◆ Work instructions ◆
Transcribe exactly, please, the lines from the one containing "Idee! Smart kid" through the end of the records below, and leave out the pictures.

BEGIN Task inputs

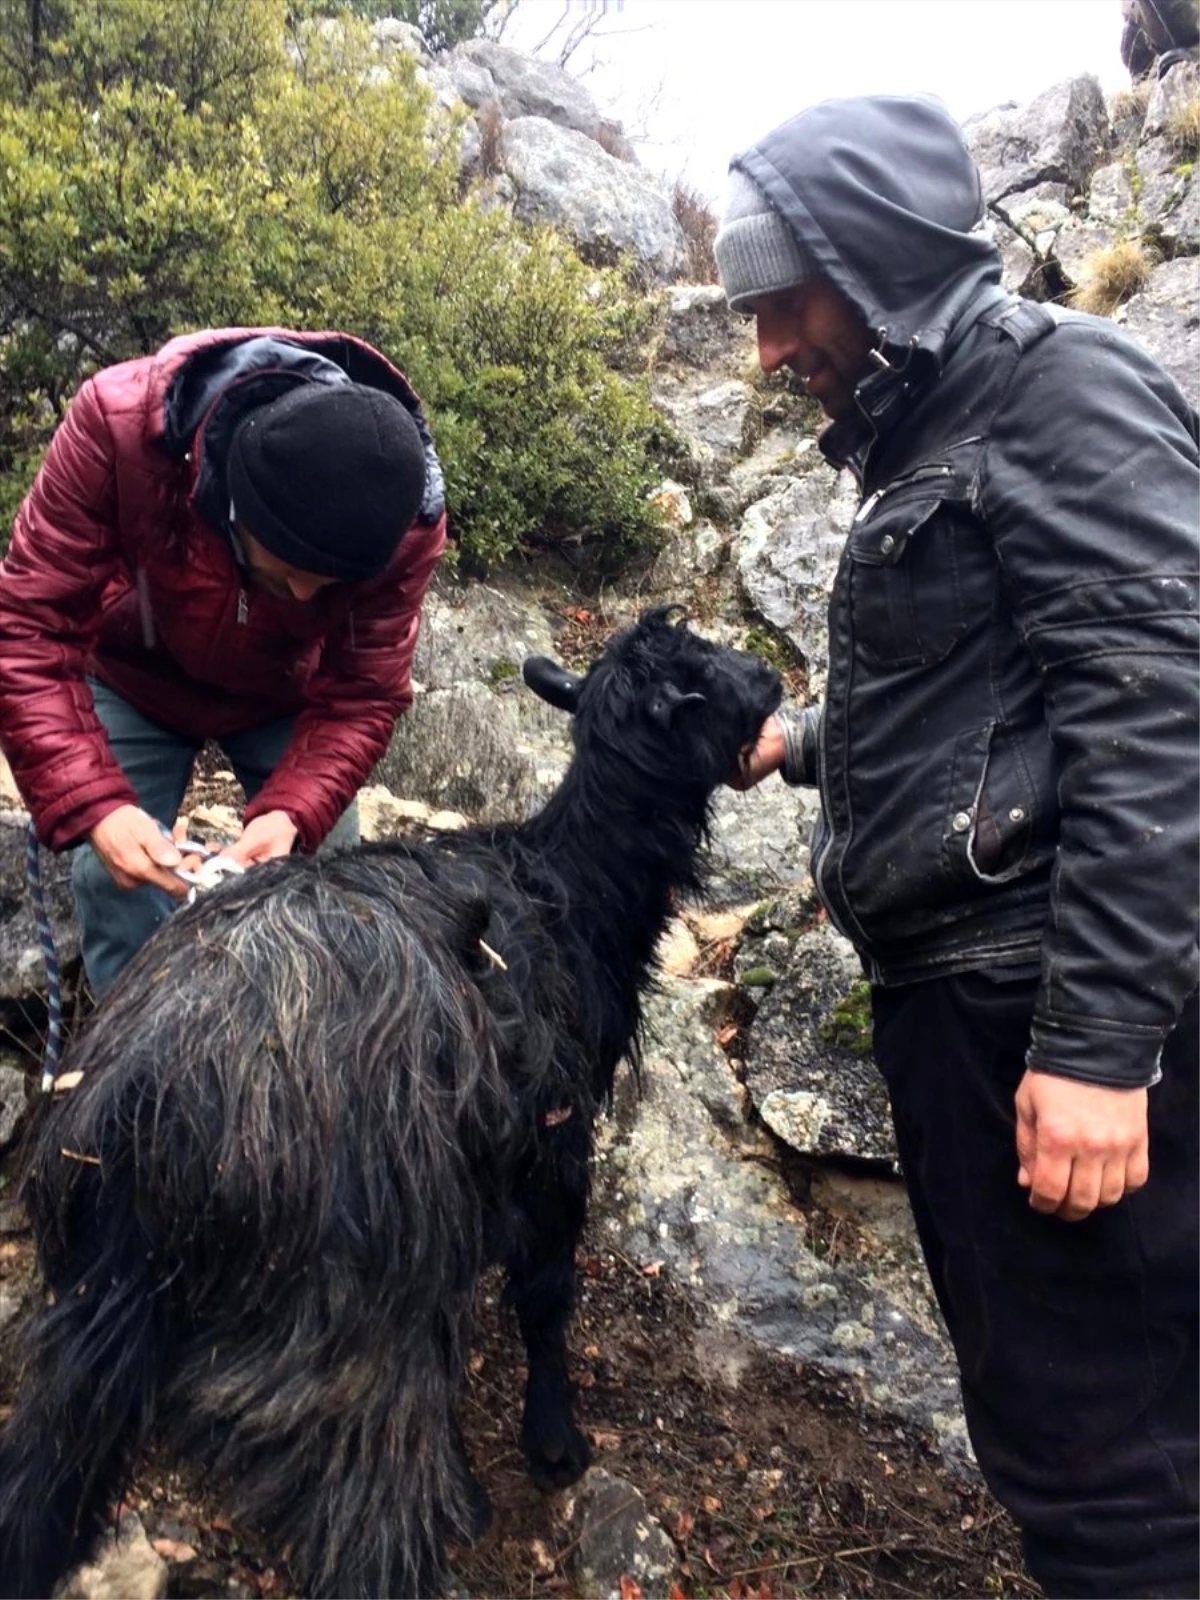 Kayalıklarda mahsur kalan keçiyi AFAD ekipleri kurtardı
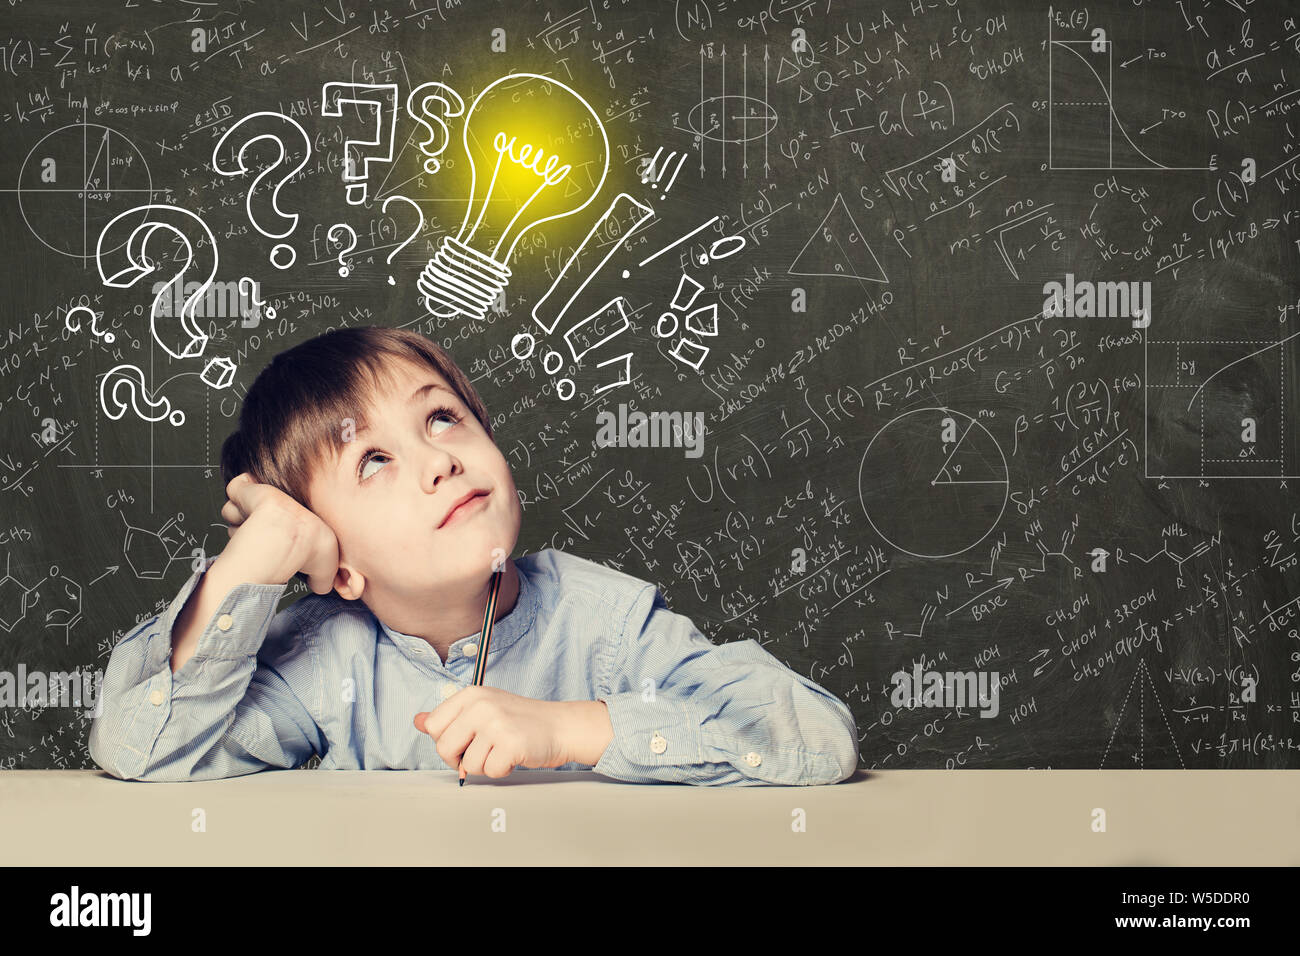 Idee! Smart kid Student mit Glühbirne auf der Tafel Stockfoto
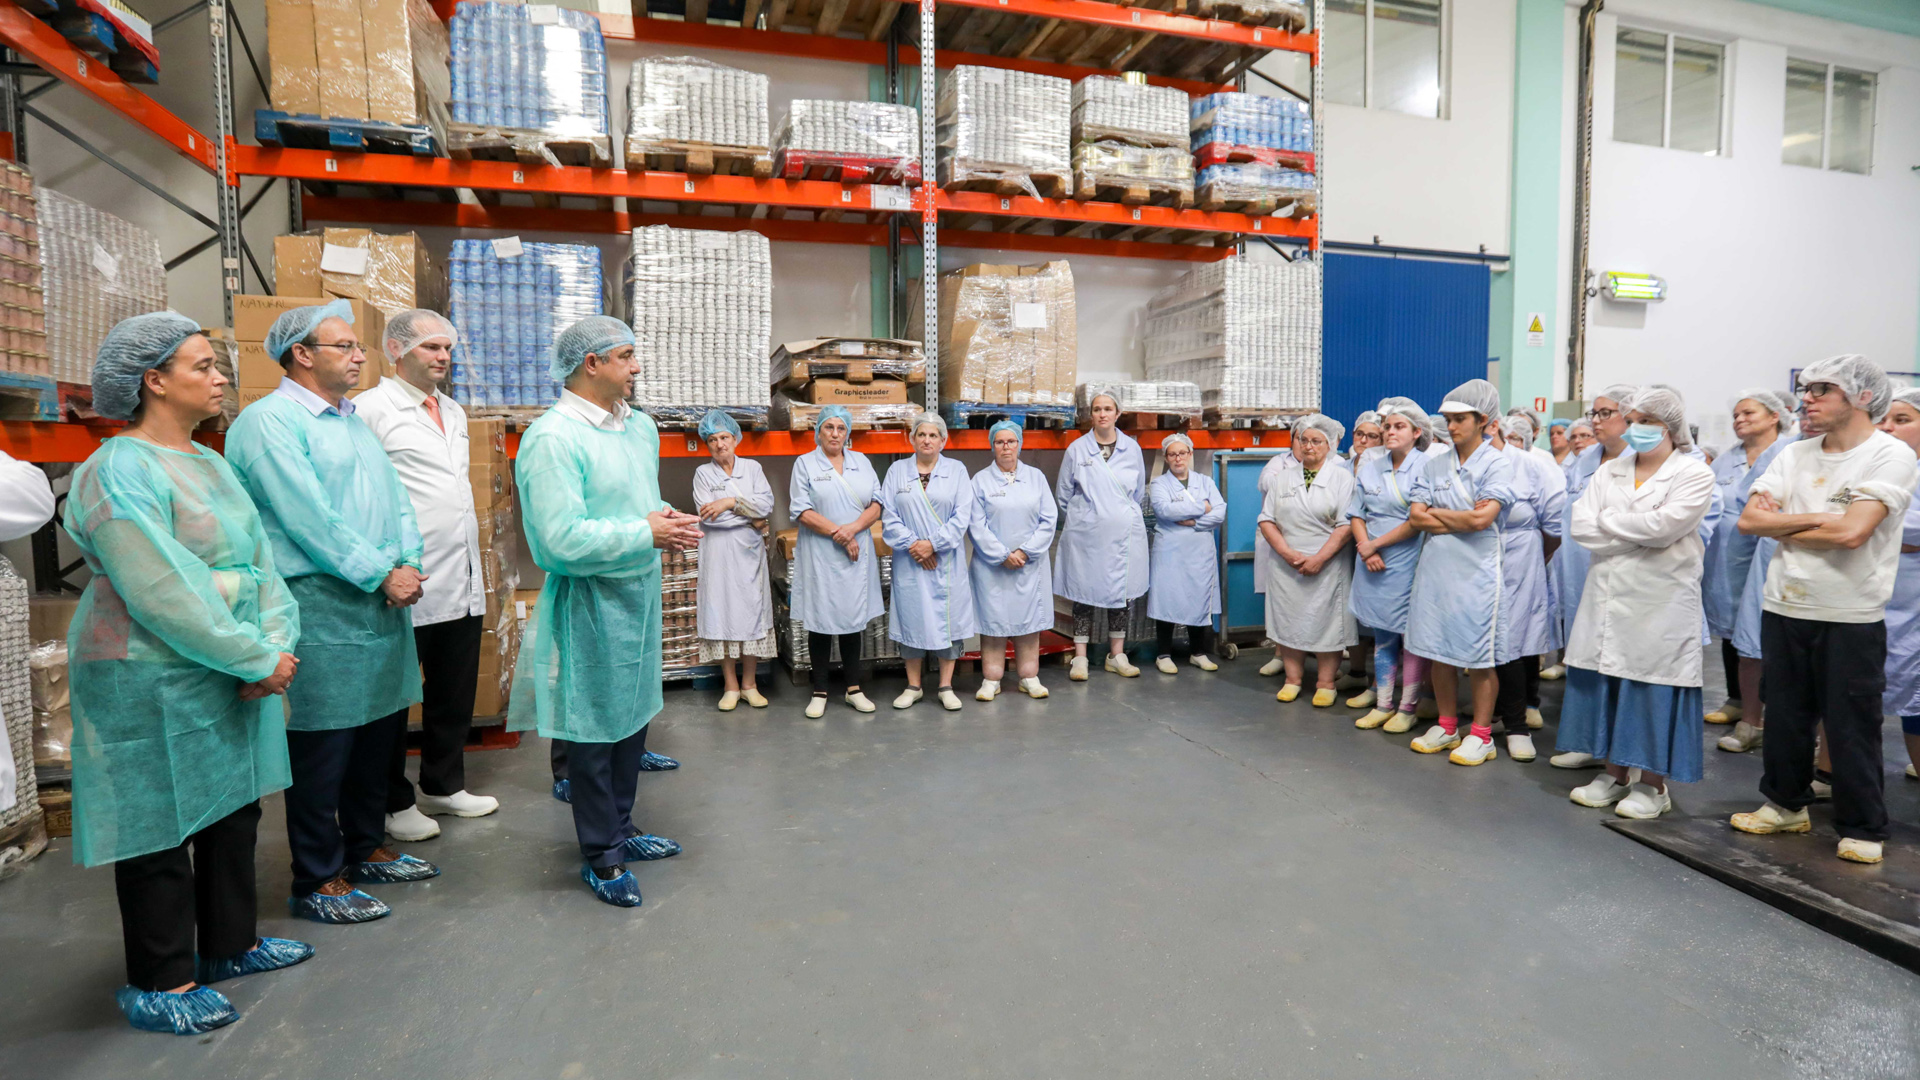 Visita à fábrica Santa Catarina - Indústria Conserveira
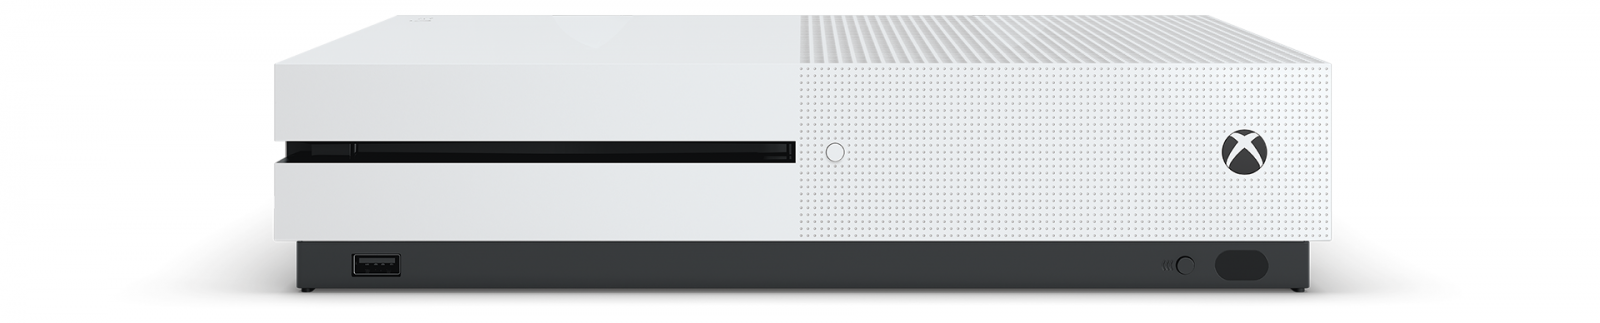 Xbox One S 2TB с двумя джойстиками image1
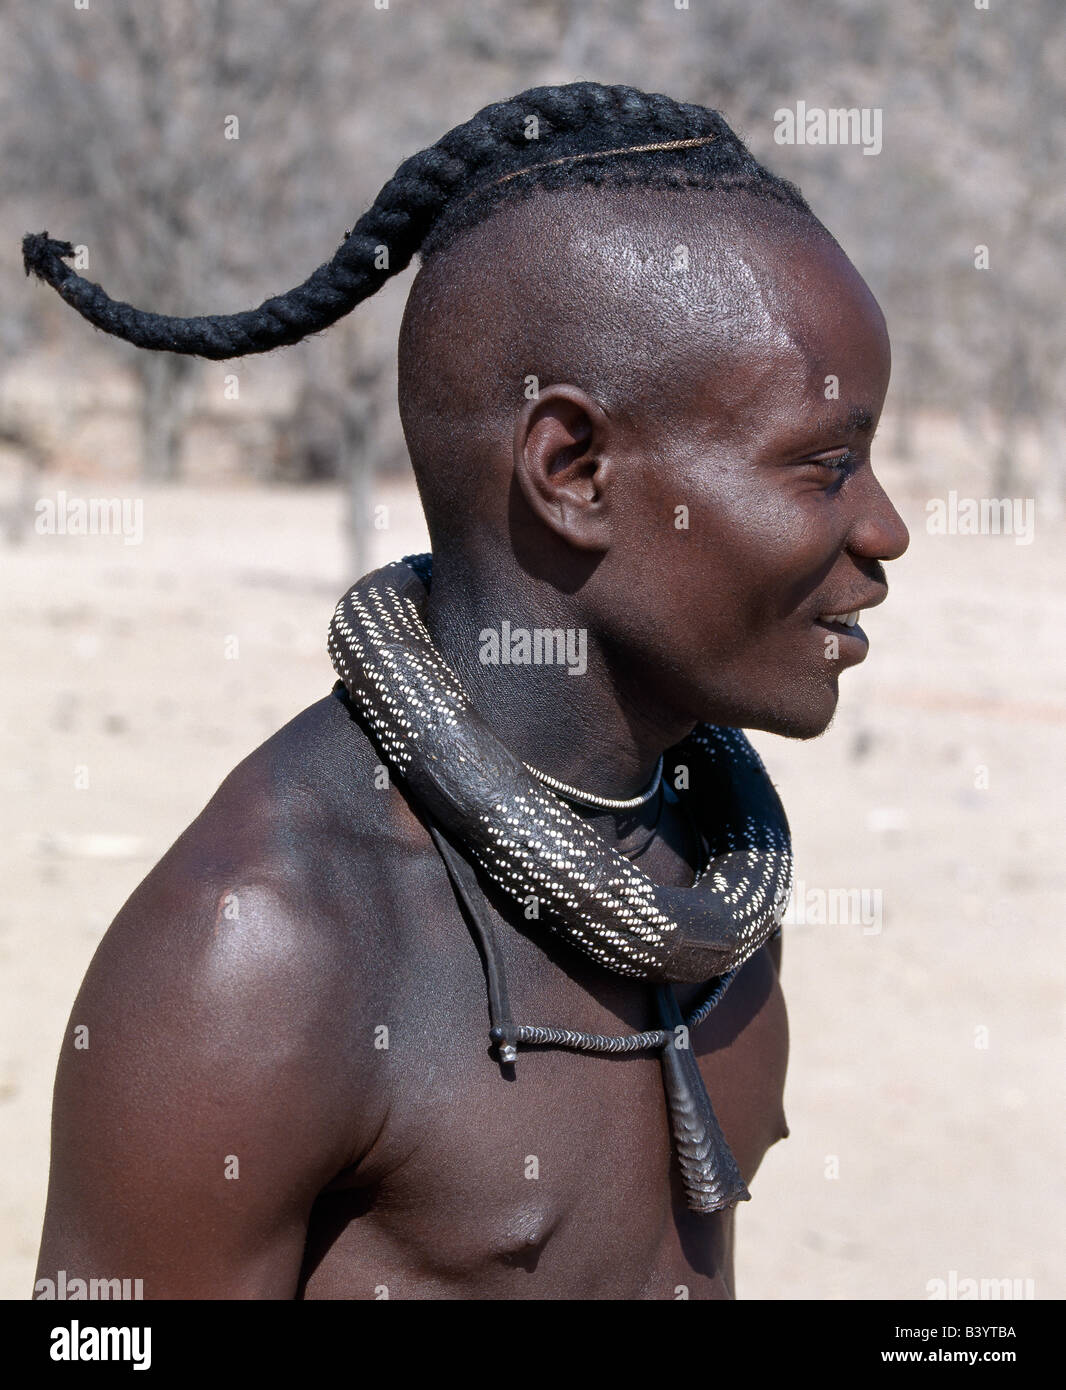 La Namibie, Kaokoland, Epupa. Un jeune Himba a son style de cheveux en une longue natte, connu comme ondatu. Une fois marié, il va diviser le ondatu en deux tresses et les garder couverts. Son blanc-beaded necklace, ombwari, auront été faites pour lui par sa mère. Suspendu à ses petits collier est une corne d'antilope.Les Himbas Herero Bantu francophone sont des nomades qui vivent dans les conditions difficiles, sec mais très beau paysage de la nord-ouest de la Namibie. Banque D'Images

END Task inputs

◆ Exercise solution ◆
 Idee! Smart kid Student mit Glühbirne auf der Tafel Stockfoto
 Visita à fábrica Santa Catarina - Indústria Conserveira
 Xbox One S 2TB с двумя джойстиками image1
 La Namibie, Kaokoland, Epupa. Un jeune Himba a son style de cheveux en une longue natte, connu comme ondatu. Une fois marié, il va diviser le ondatu en deux tresses et les garder couverts. Son blanc-beaded necklace, ombwari, auront été faites pour lui par sa mère. Suspendu à ses petits collier est une corne d'antilope.Les Himbas Herero Bantu francophone sont des nomades qui vivent dans les conditions difficiles, sec mais très beau paysage de la nord-ouest de la Namibie. Banque D'Images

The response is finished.